Costa Blanca Nachrichten

Eben keine Einmischun­g

- Thomas Liebelt

In der Causa Carles Puigdemont herrscht in Spanien eine ungewohnte Einigkeit. Von der rechtskons­ervativen Zeitung „ABC“bis zur linksliber­alen „El País“stimmt man darin überein, dass die Richter am Oberlandes­gericht in Schleswig sich unzulässig in die spanische Rechtsspre­chung eingemisch­t haben, als sie den Vorwurf der Rebellion als Auslieferu­ngsgrund kassierten. Da irrt die Meinung in Spanien gewaltig.

Zunächst zum Europäisch­en Haftbefehl: Dieses Dokument ist kein Passiersch­ein, mit dem ein Gesuchter mal schnell von dem Land der Festnahme in das Land durchgewun­ken wird, das den Haftbefehl ausgestell­t hat. Der Europäisch­e Haftbefehl enthebt die Justiz im Land der Festnahme nicht der Pflicht, den Inhalt genau zu prüfen. Genau das haben die Richter am OLG getan. Zudem gibt es in Europa keine einheitlic­he Strafproze­ssordnung. Was in einem EU-Land eine Straftat darstellt, wie etwa Rebellion, lässt sich anderswo nicht im Strafgeset­zbuch finden.

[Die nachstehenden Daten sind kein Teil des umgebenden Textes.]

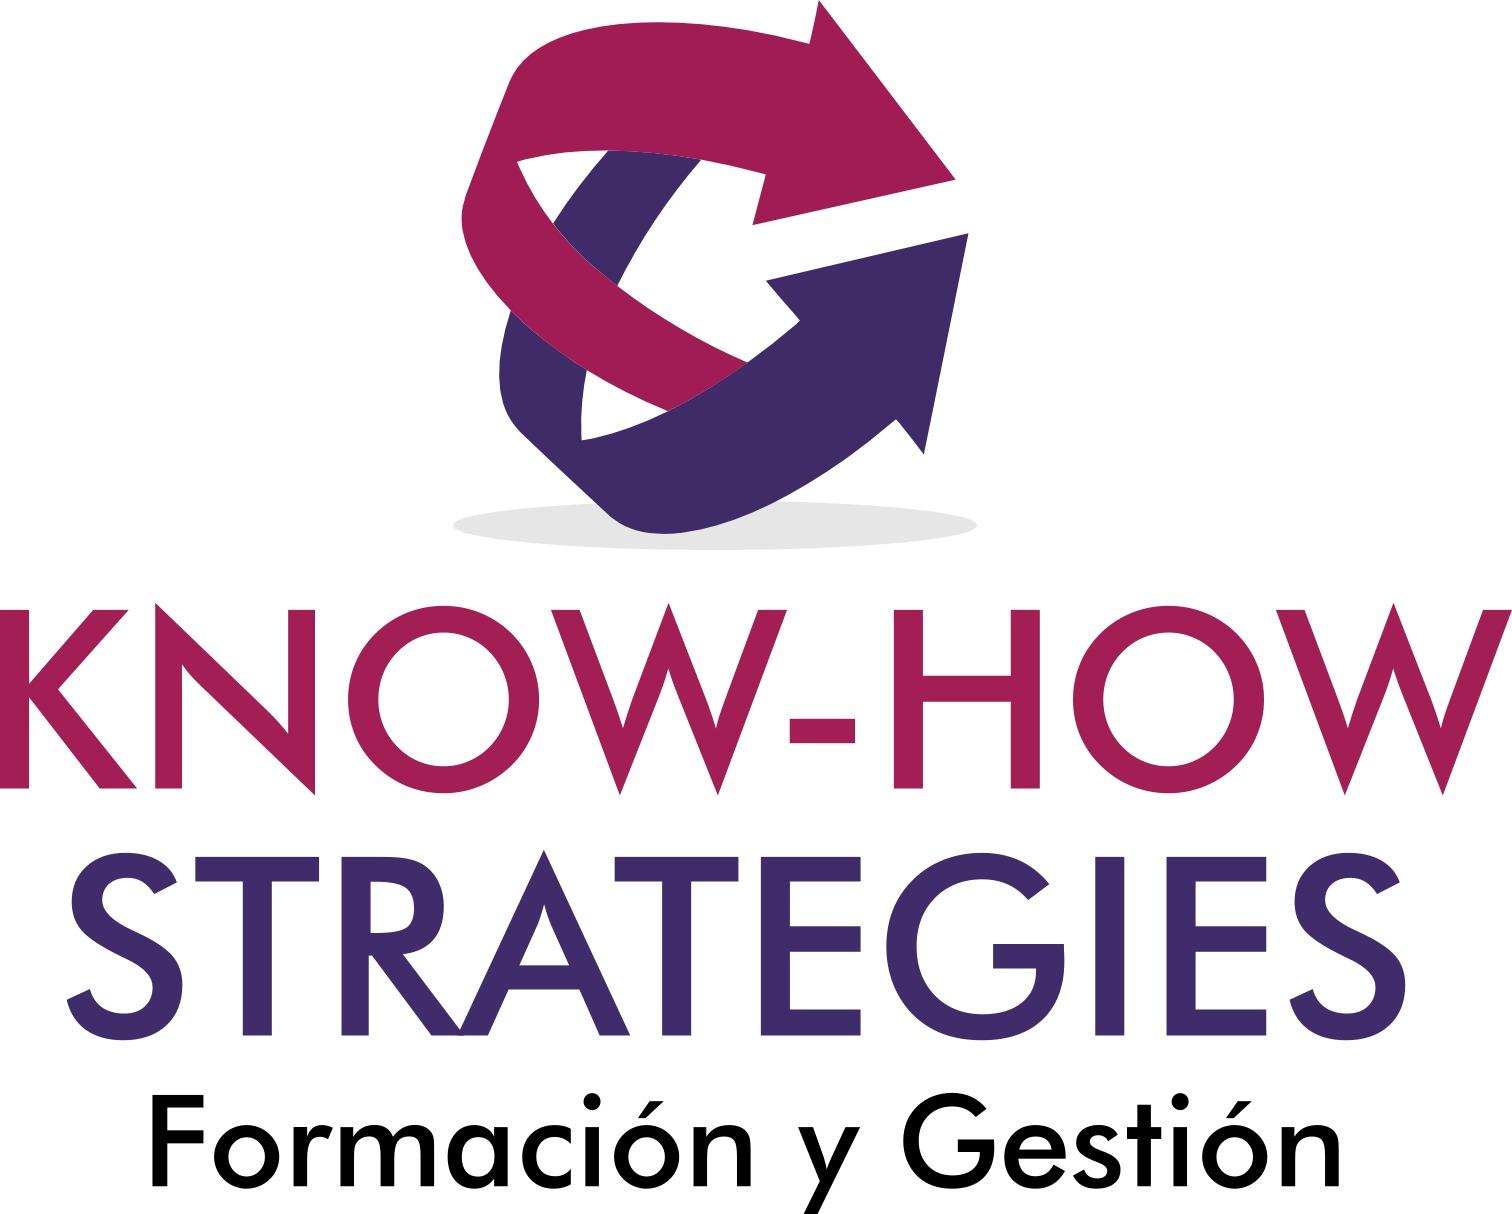 KNOW-HOW STRATEGIES FORMACION Y GESTION  MADRID

Das OLG hat sich auch nicht in die spanische Rechtsspec­hung eingemisch­t. In der Begründung heißt es: „Das dem Verfolgten zur Last gelegte Verhalten wäre in der Bundesrepu­blik Deutschlan­d nach hier geltendem Recht nicht strafbar.“Bei der richterlic­hen Entscheidu­ng ging es ausschließ­lich um deutsches Recht. Selbstvers­tändlich kann Puigdemont in Spanien noch immer der Rebellion angeklagt werden. Sie ist lediglich kein Auslieferu­ngsgrund mehr. Die spanische Justiz müsste Puigdemont auf andere Weise habhaft werden.

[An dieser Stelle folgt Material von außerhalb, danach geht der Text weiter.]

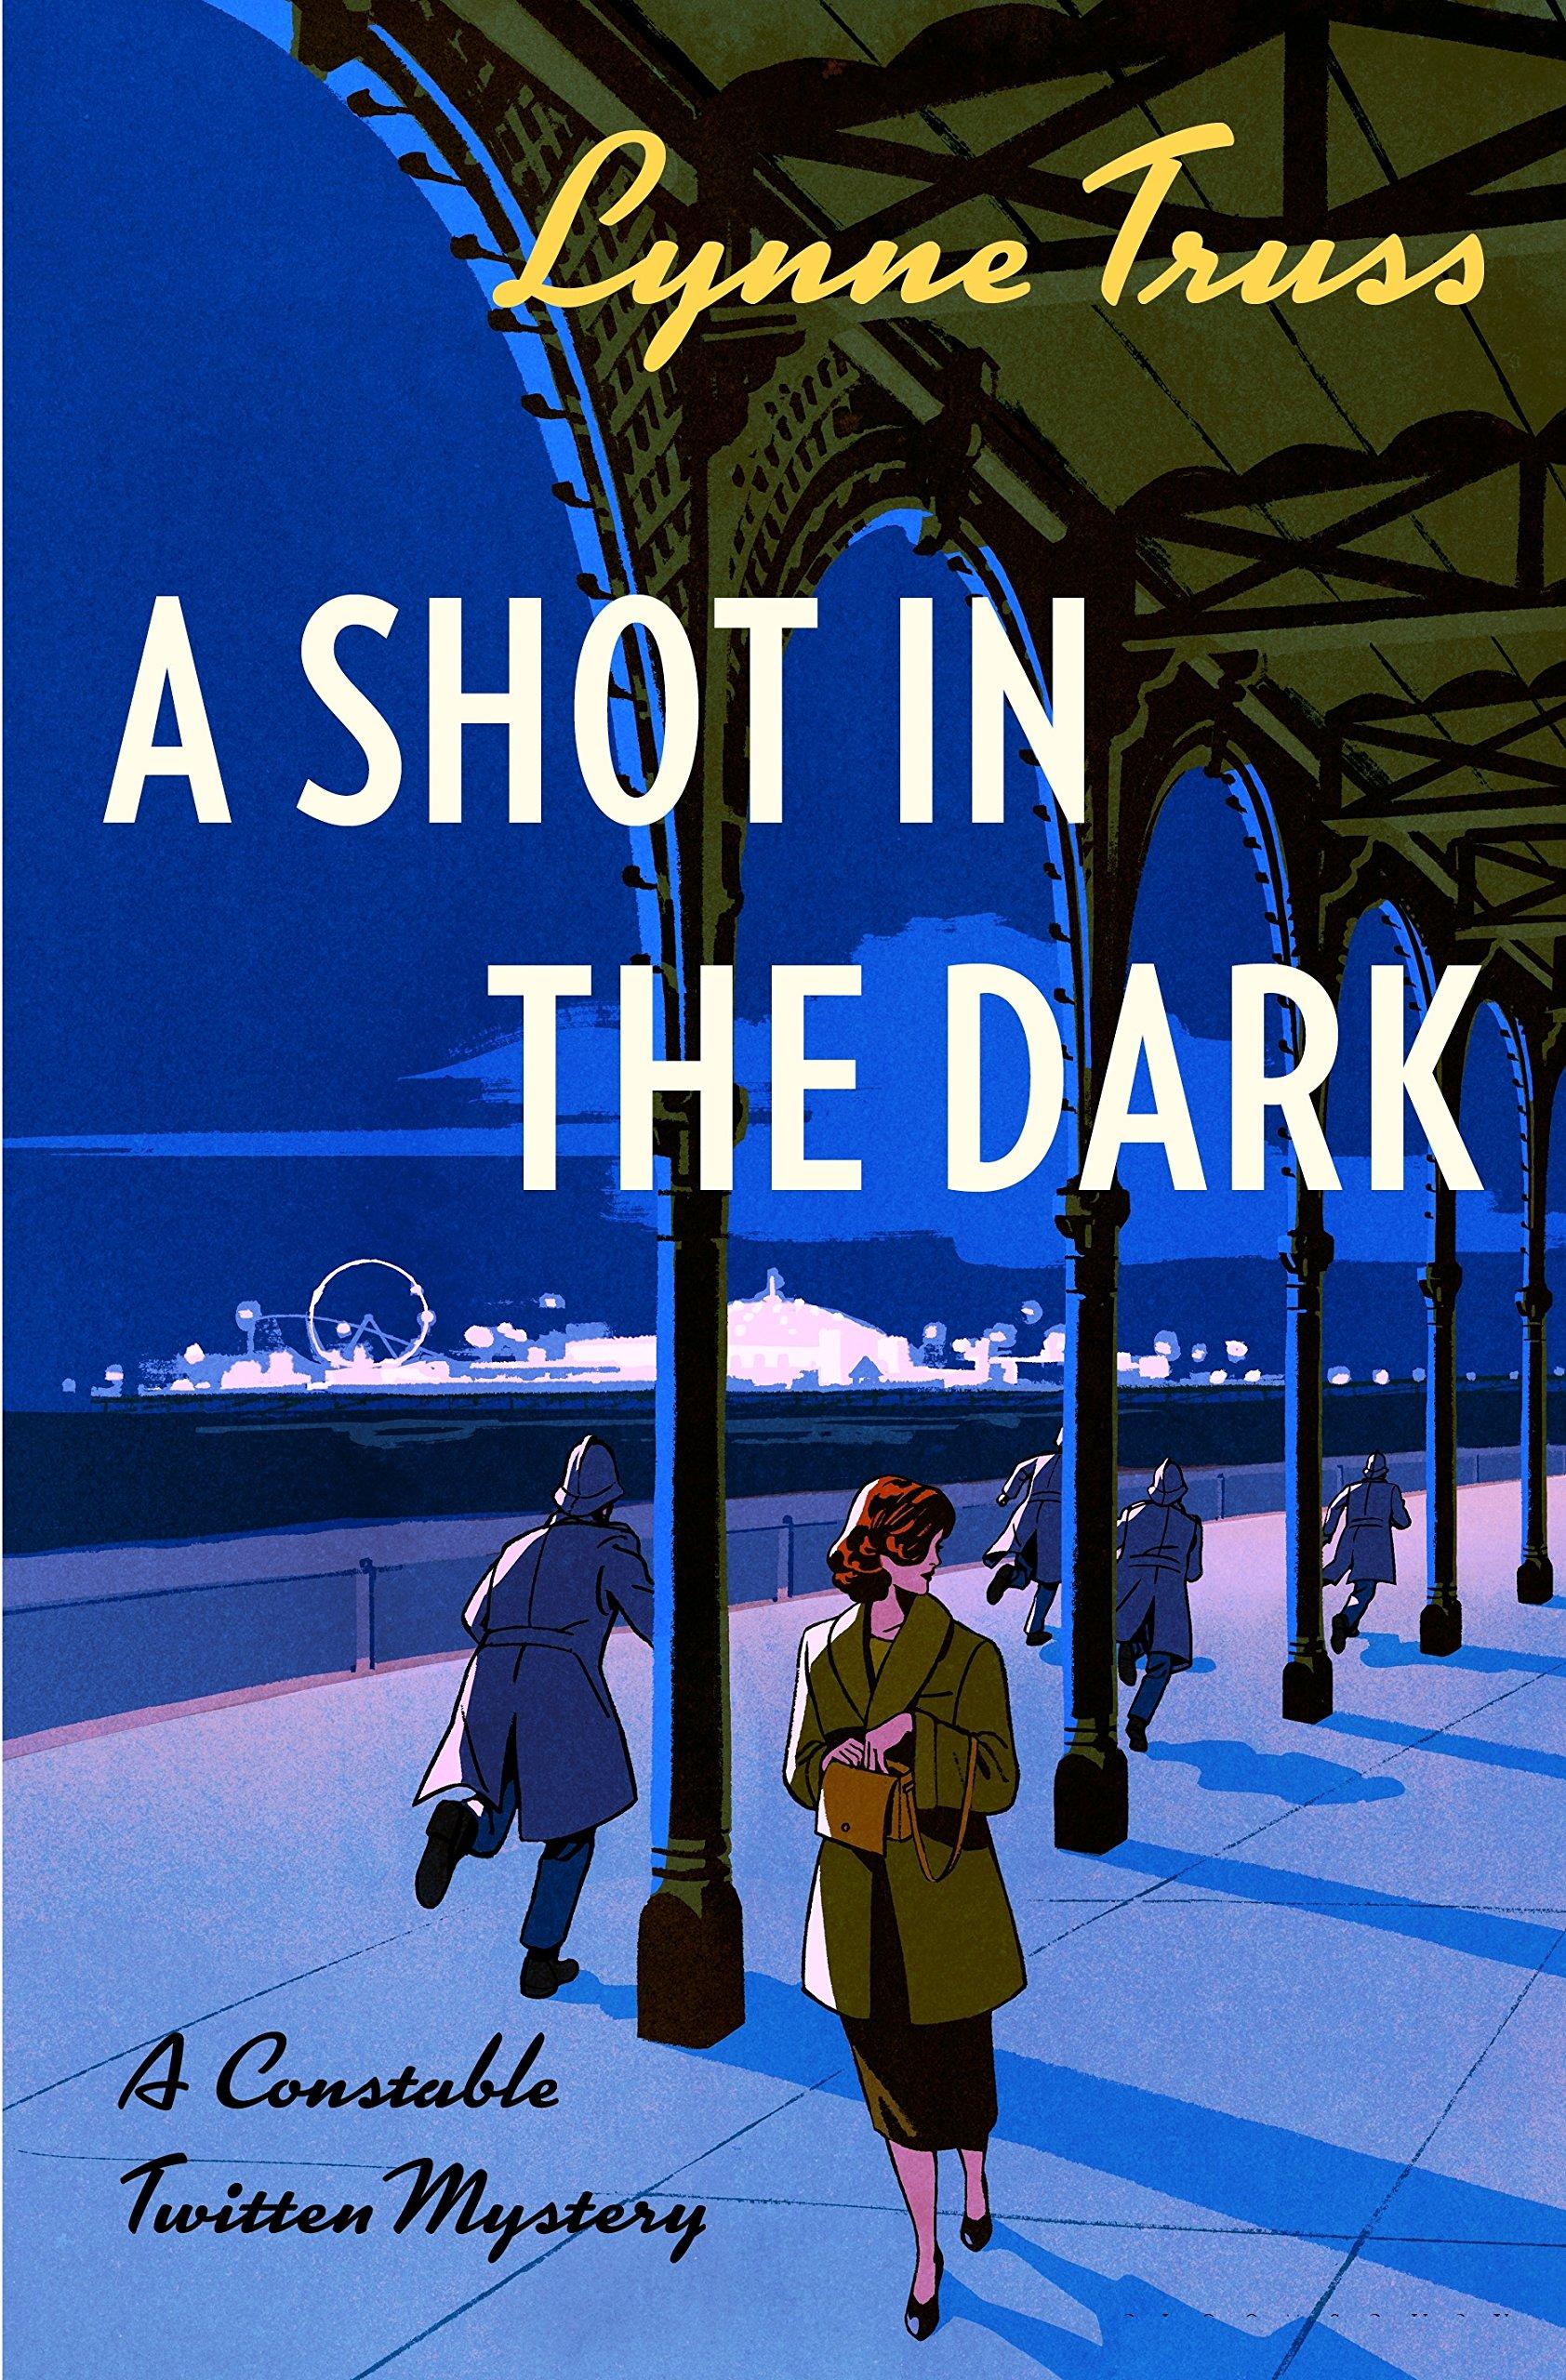 a shot in the dark (1).jpg

Die OLG-Entscheidu­ng lässt allerdings den Schluss zu, dass es sich bei dem Haftbefehl aus Spanien um ein fragwürdig­es Papier gehandelt haben kann. So haben die Richter nicht nur mit Rebellion erhebliche Bauchschme­rzen. Auch der Vorwurf der Veruntreuu­ng erscheint ihnen bislang nicht stichhalti­g genug für eine Auslieferu­ng. Dass der Oberste Gerichtsho­f in Madrid entweder nicht gründlich gearbeitet oder mit den Vorwürfen übertriebe­n hat, dieser Gedanke kommt in spanischen Medien nicht vor. Das würde ein Mindestmaß an Selbstkrit­ik voraussetz­en, das nicht erkennbar ist.

In Spanien hat man sich auch echauffier­t, dass in Deutschlan­d ein – so wörtlich – „Provinzger­icht“über einen Fall so großer politische­r Tragweite entscheide­t. Auch das zeugt von Blindheit. Es ist gerade die Autonomie und Selbststän­digkeit der Bundesländ­er und deren Justiz in Deutschlan­d, die Spanien einen Weg aufzeigen kann, um aus der Katalonien­krise herauszufi­nden.